▶ **REQUIRED ACTION**
Each line from the one holding "Ducks re-sign former" to the last line below must be restated word for word, and no picture may be included.

▶ **DATASET CONTENT**
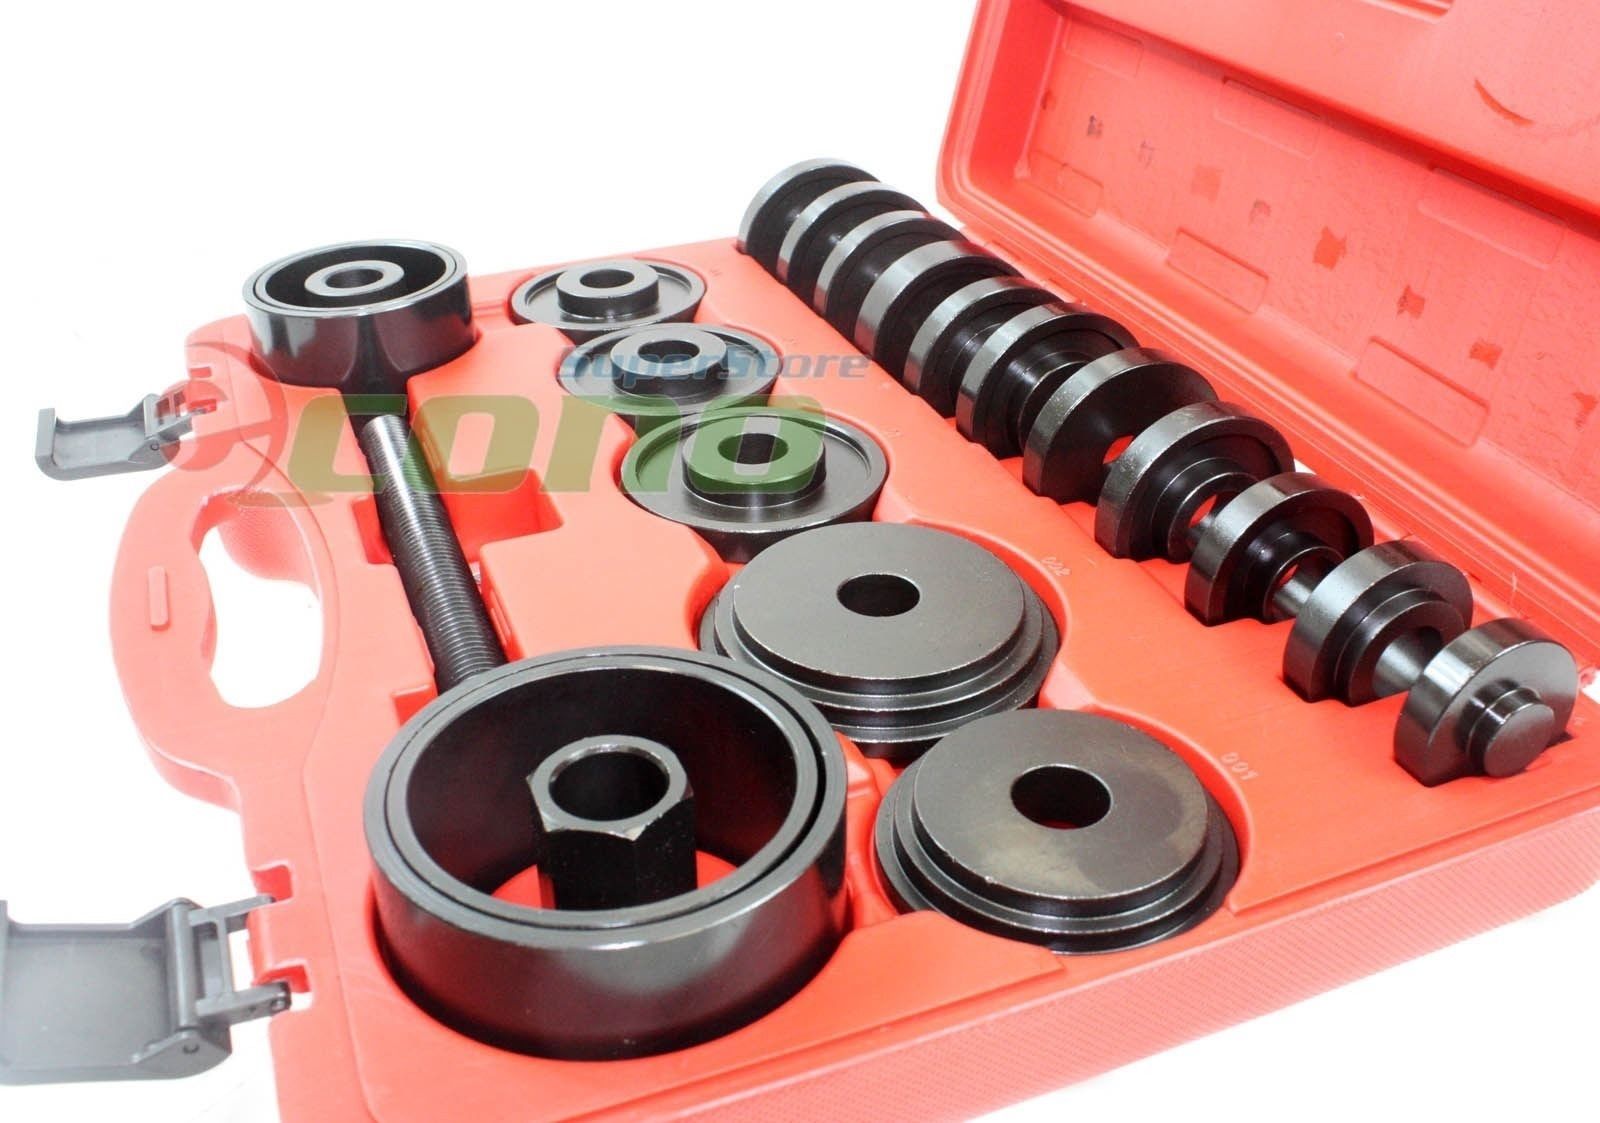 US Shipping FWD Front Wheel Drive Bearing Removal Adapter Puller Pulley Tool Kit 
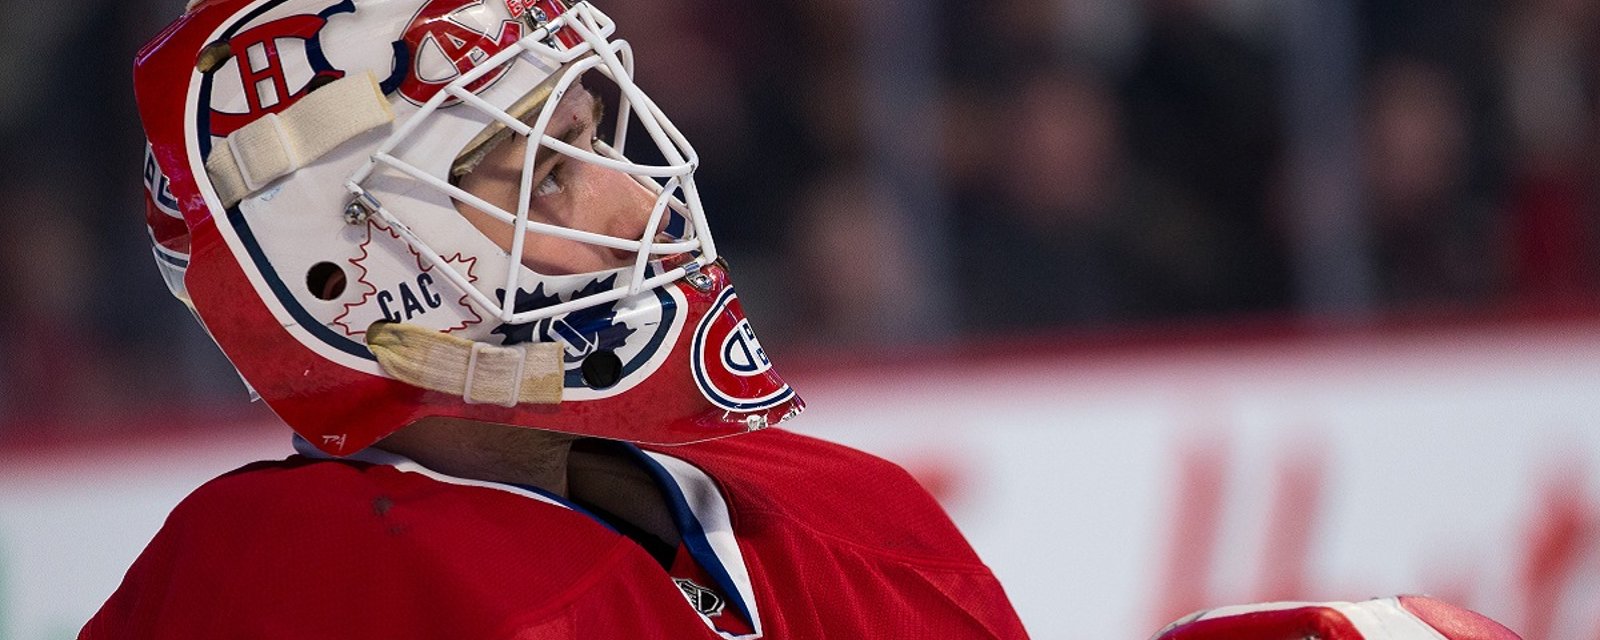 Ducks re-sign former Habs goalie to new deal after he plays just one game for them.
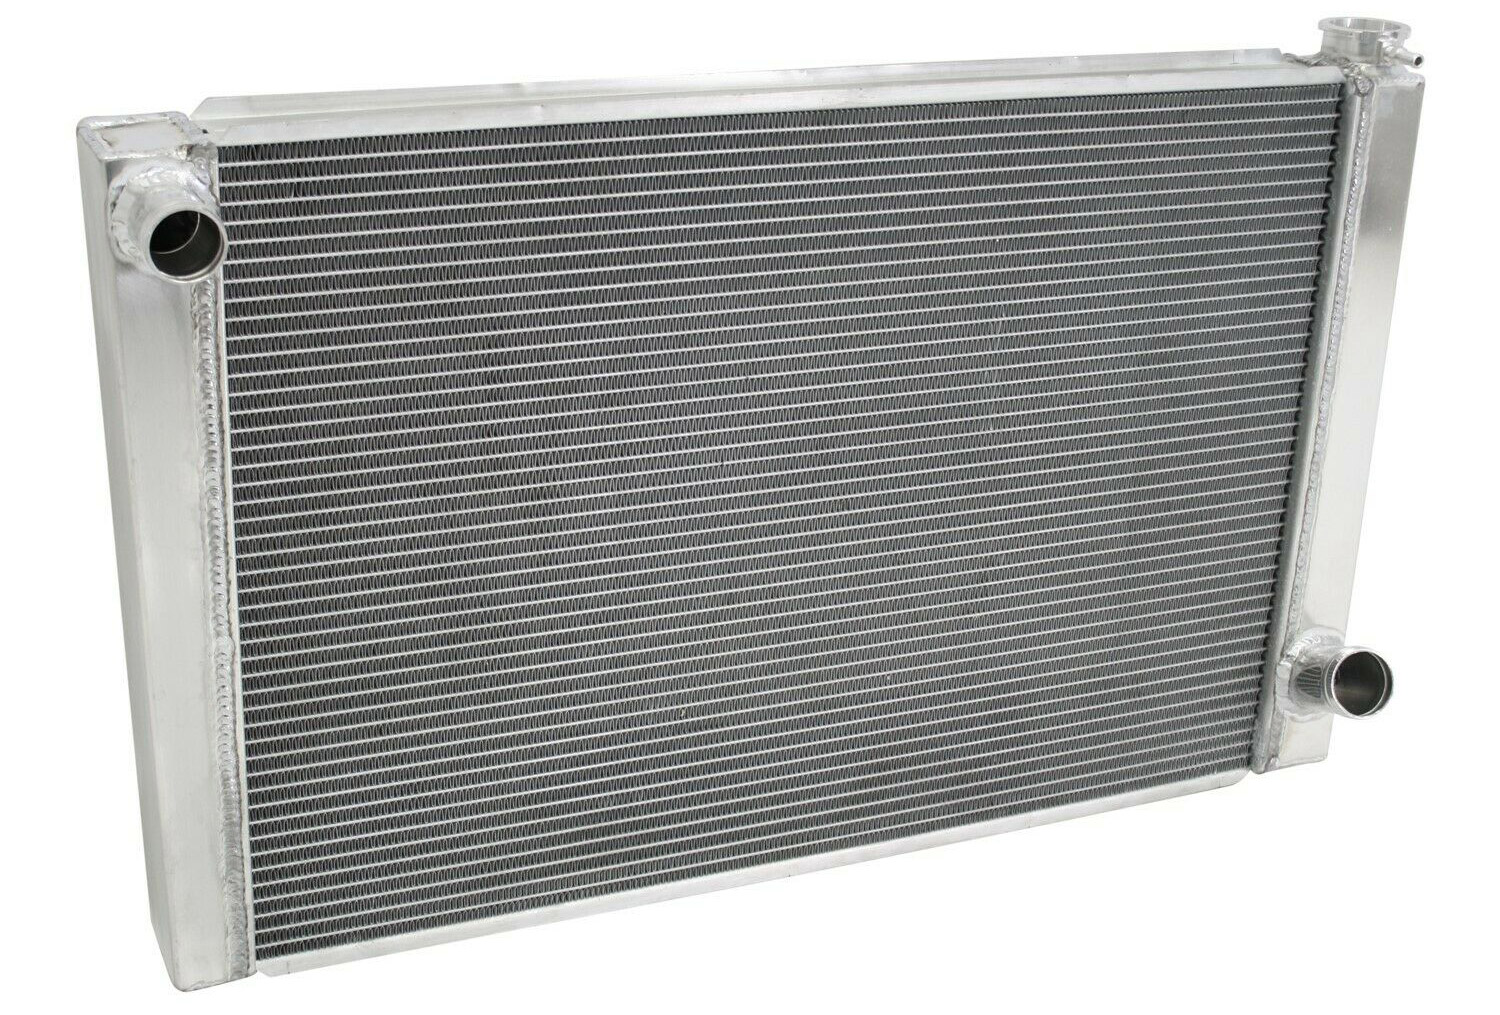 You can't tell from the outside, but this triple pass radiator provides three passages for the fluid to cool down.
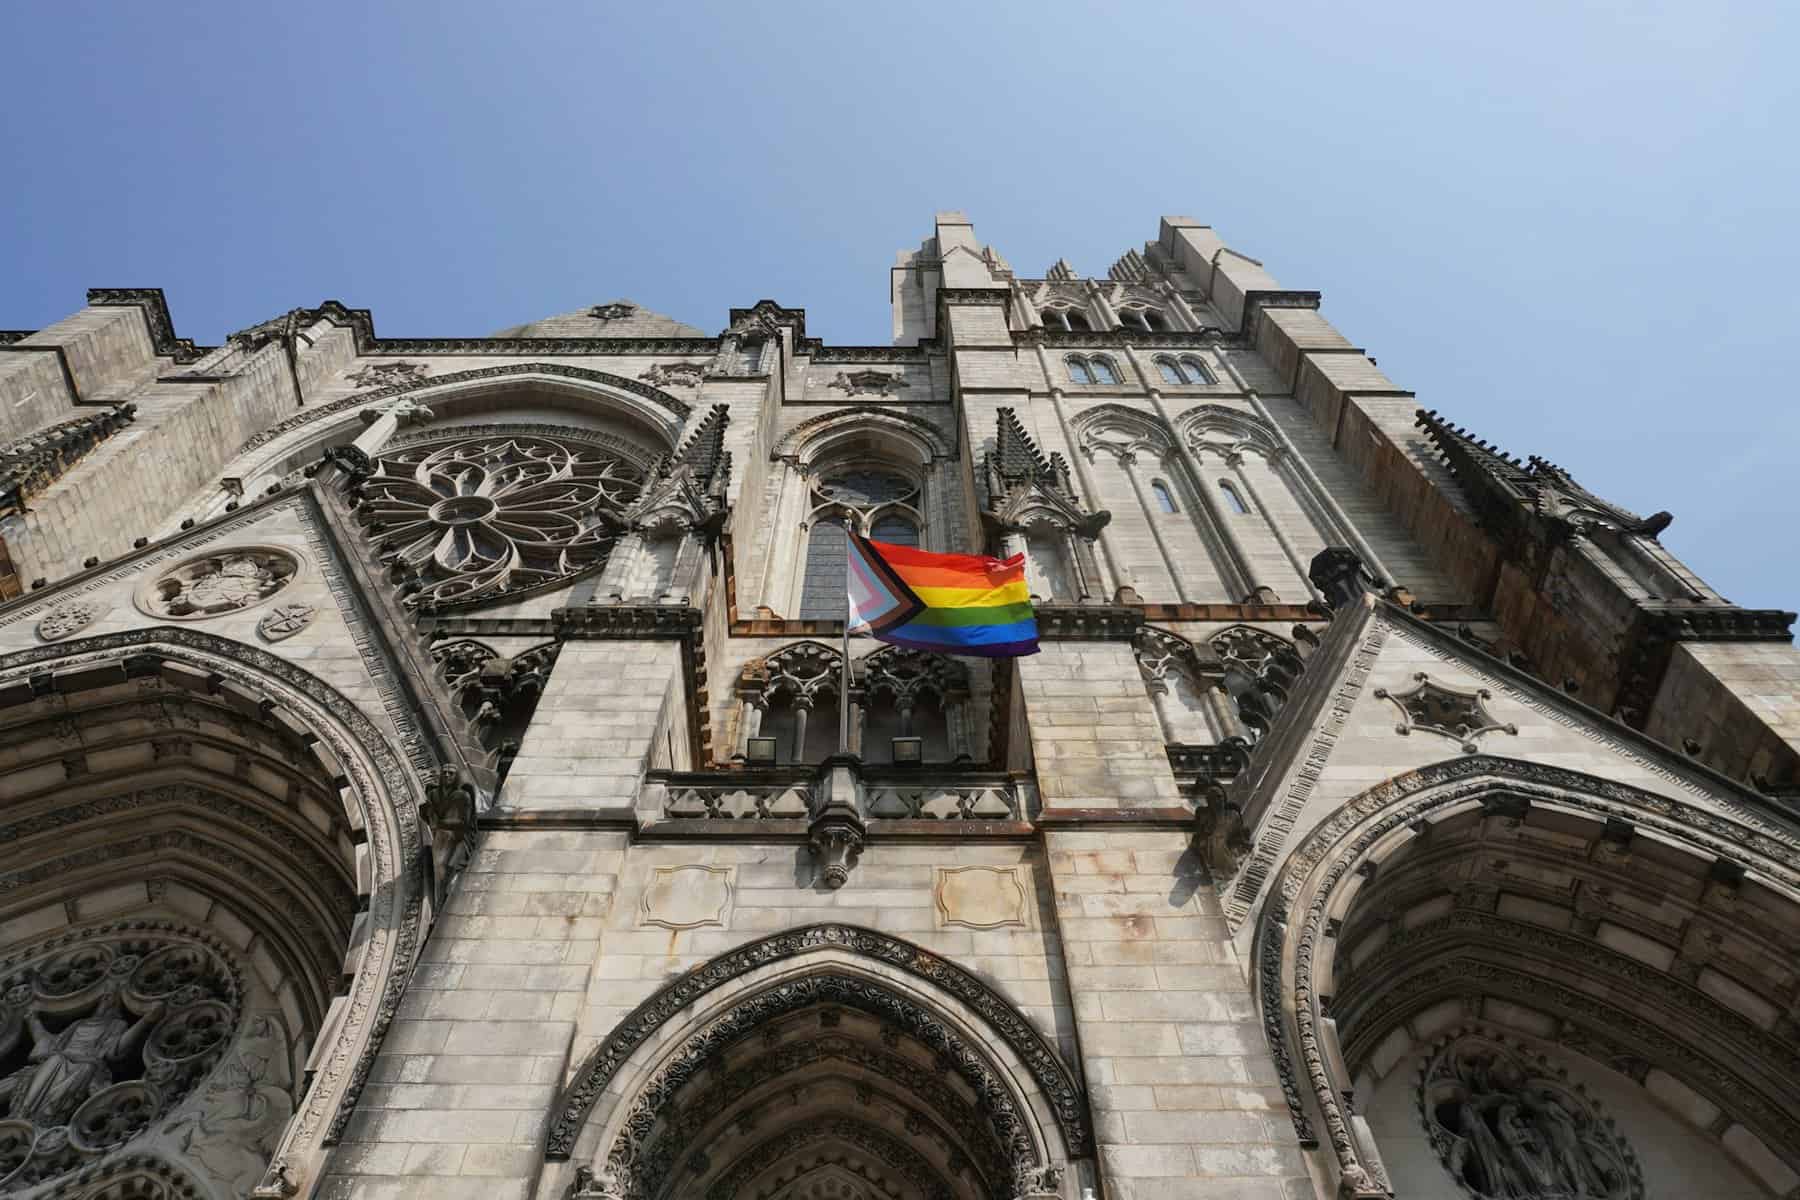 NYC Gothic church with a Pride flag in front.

▶ **THE ANSWER**
 Ducks re-sign former Habs goalie to new deal after he plays just one game for them.
 You can't tell from the outside, but this triple pass radiator provides three passages for the fluid to cool down.
 NYC Gothic church with a Pride flag in front.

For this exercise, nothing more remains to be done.